City council wins appeal over houses in multiple occupation and rules of co-operative society

A dispute over whether two houses in Nottingham are ‘houses in multiple occupation {HMO)’ has turned on the meaning of the word ’discuss’ in the rules of the co-operative that owns them.

Nottingham City Council brought an appeal to the Upper Tribunal (Lands Chamber) against a decision of the First-Tier Tribunal (Property Chamber).

Upper Tribunal Judge Elizabeth Cooke said the two homes were owned by Housing 35 Plus and paragraph 2B of Schedule 14 to the Housing Act 2004, said a house was not an HMO - and so did not need to be licensed - if it was managed or controlled by a co-operative society where "all management decisions of the society are made by the members at a general meeting which all members are entitled to, and invited to, attend”.

The First-Tier Tribunal (Property Chamber) had found for Housing 35 Plus when it appealed against Nottingham’s imposition of financial penalty notices, each of £15,000, for failing to licence an HMO.

The two sides’ disagreement was on whether the properties were HMOs. Nottingham argued among Housing 35 Plus’s rules was one that said a general meeting of residents should discuss but not take management decisions, and therefore paragraph 2B did not apply and the buildings were HMOs.

It said another rule enabled the management committee to exercise “all such powers as may be exercised by the co-operative in accordance with its objects an exercised these rules and are not by these rules or by statute required to be exercised by the co-operative in general meeting", which also did not satisfy paragraph 2B.

Housing 35 Plus said the general meeting took all the management decisions and the management committee merely implemented them.

Judge Cooke said: “The appeal turns on the construction of rules…does ‘discuss’ mean ‘discuss’, as the appellant says, or something else?

“Does ‘to discuss all management decisions of the co-operative that have arisen since the last general meeting’ mean that the general meeting discusses what the committee has decided since the last meeting, or does it mean to take all management decisions that have become necessary since the last meeting?”

She said Nottingham’s construction of the rules was ”obviously correct”.

This was because the plain meaning of ‘discuss’ was not the same as ‘ decide’. She said had the rules wanted the general meeting to take management decisions they would have said so.

Interpreted this way, this rule was also consistent with another that provided for the committee to “control and direct the management of the day-to-day business of the co-operative”. 

Judge Cooke said: “And what it controls and directs is the day-to-day ‘management'; I do not understand how that does not mean that the committee takes management decisions. That is why it is called a management committee.”

She concluded: “The management committee, as its name implies, is empowered to make management decisions. They might be described as day-to-day management decisions, but they are management nonetheless.

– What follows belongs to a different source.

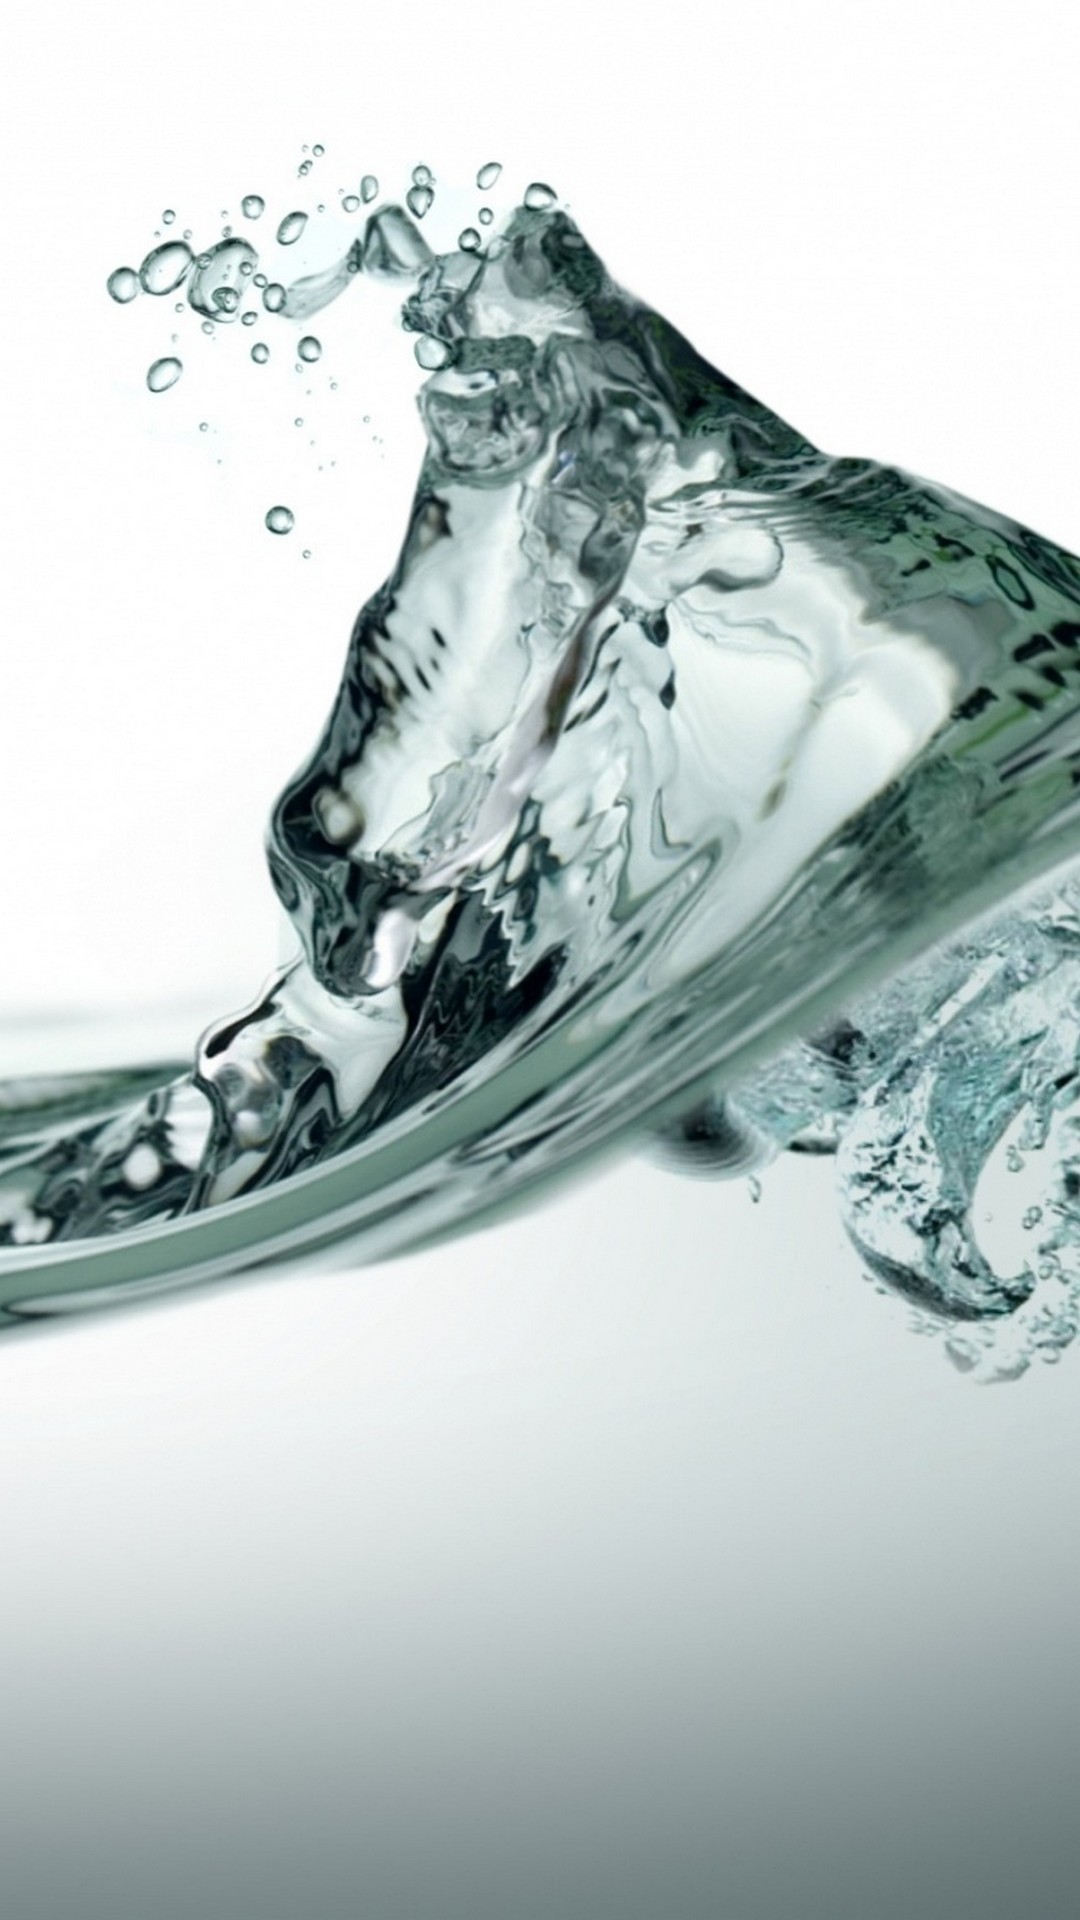 Splash Water Liquid Android Wallpaper resolution 1080x1920

“The function of the general meeting is to discuss those decisions so that the members all have a voice in what is happening and can make their views known to the committee, both about decisions already made and about future decisions.”

This meant Housing 35 Plus’s rules did not mean all management decisions were made by members at a general meeting and so the houses were HMOs and the FtT had been wrong.

She remitted the case to the  FtT to decide on a further seven grounds of appeal.